-- Instructions to follow --
What you write must match exactly the lines from the one with "SVM-regeringen blev præsenteret" through the last line of the material below.

#####

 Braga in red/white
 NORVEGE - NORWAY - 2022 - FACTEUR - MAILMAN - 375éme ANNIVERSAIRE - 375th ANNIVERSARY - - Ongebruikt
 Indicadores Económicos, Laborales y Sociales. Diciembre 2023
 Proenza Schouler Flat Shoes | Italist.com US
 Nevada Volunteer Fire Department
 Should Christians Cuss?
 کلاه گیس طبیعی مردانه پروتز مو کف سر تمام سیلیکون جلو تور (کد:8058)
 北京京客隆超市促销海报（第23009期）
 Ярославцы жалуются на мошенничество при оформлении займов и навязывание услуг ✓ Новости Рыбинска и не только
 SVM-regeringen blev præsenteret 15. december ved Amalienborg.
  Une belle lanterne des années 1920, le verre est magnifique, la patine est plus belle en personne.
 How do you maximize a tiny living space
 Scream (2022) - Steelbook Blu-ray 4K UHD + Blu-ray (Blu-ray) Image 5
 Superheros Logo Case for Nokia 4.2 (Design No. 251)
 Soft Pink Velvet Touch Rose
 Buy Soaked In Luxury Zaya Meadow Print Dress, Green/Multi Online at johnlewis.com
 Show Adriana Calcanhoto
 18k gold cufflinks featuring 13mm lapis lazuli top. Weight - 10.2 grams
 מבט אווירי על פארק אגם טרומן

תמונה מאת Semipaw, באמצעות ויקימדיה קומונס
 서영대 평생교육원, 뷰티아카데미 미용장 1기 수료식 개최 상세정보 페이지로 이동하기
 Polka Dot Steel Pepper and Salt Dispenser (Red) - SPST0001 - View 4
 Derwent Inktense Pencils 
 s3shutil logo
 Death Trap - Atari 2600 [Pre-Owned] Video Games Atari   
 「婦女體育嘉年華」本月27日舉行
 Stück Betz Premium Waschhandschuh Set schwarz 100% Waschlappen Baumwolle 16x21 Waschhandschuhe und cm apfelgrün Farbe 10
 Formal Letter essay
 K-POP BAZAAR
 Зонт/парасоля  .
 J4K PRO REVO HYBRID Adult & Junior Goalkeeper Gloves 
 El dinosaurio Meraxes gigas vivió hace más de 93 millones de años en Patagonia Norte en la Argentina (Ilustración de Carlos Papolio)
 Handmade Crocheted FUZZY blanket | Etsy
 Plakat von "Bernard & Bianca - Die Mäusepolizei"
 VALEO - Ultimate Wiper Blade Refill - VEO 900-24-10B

#####

-- Your response --
 SVM-regeringen blev præsenteret 15. december ved Amalienborg.
  Une belle lanterne des années 1920, le verre est magnifique, la patine est plus belle en personne.
 How do you maximize a tiny living space
 Scream (2022) - Steelbook Blu-ray 4K UHD + Blu-ray (Blu-ray) Image 5
 Superheros Logo Case for Nokia 4.2 (Design No. 251)
 Soft Pink Velvet Touch Rose
 Buy Soaked In Luxury Zaya Meadow Print Dress, Green/Multi Online at johnlewis.com
 Show Adriana Calcanhoto
 18k gold cufflinks featuring 13mm lapis lazuli top. Weight - 10.2 grams
 מבט אווירי על פארק אגם טרומן

תמונה מאת Semipaw, באמצעות ויקימדיה קומונס
 서영대 평생교육원, 뷰티아카데미 미용장 1기 수료식 개최 상세정보 페이지로 이동하기
 Polka Dot Steel Pepper and Salt Dispenser (Red) - SPST0001 - View 4
 Derwent Inktense Pencils 
 s3shutil logo
 Death Trap - Atari 2600 [Pre-Owned] Video Games Atari   
 「婦女體育嘉年華」本月27日舉行
 Stück Betz Premium Waschhandschuh Set schwarz 100% Waschlappen Baumwolle 16x21 Waschhandschuhe und cm apfelgrün Farbe 10
 Formal Letter essay
 K-POP BAZAAR
 Зонт/парасоля  .
 J4K PRO REVO HYBRID Adult & Junior Goalkeeper Gloves 
 El dinosaurio Meraxes gigas vivió hace más de 93 millones de años en Patagonia Norte en la Argentina (Ilustración de Carlos Papolio)
 Handmade Crocheted FUZZY blanket | Etsy
 Plakat von "Bernard & Bianca - Die Mäusepolizei"
 VALEO - Ultimate Wiper Blade Refill - VEO 900-24-10B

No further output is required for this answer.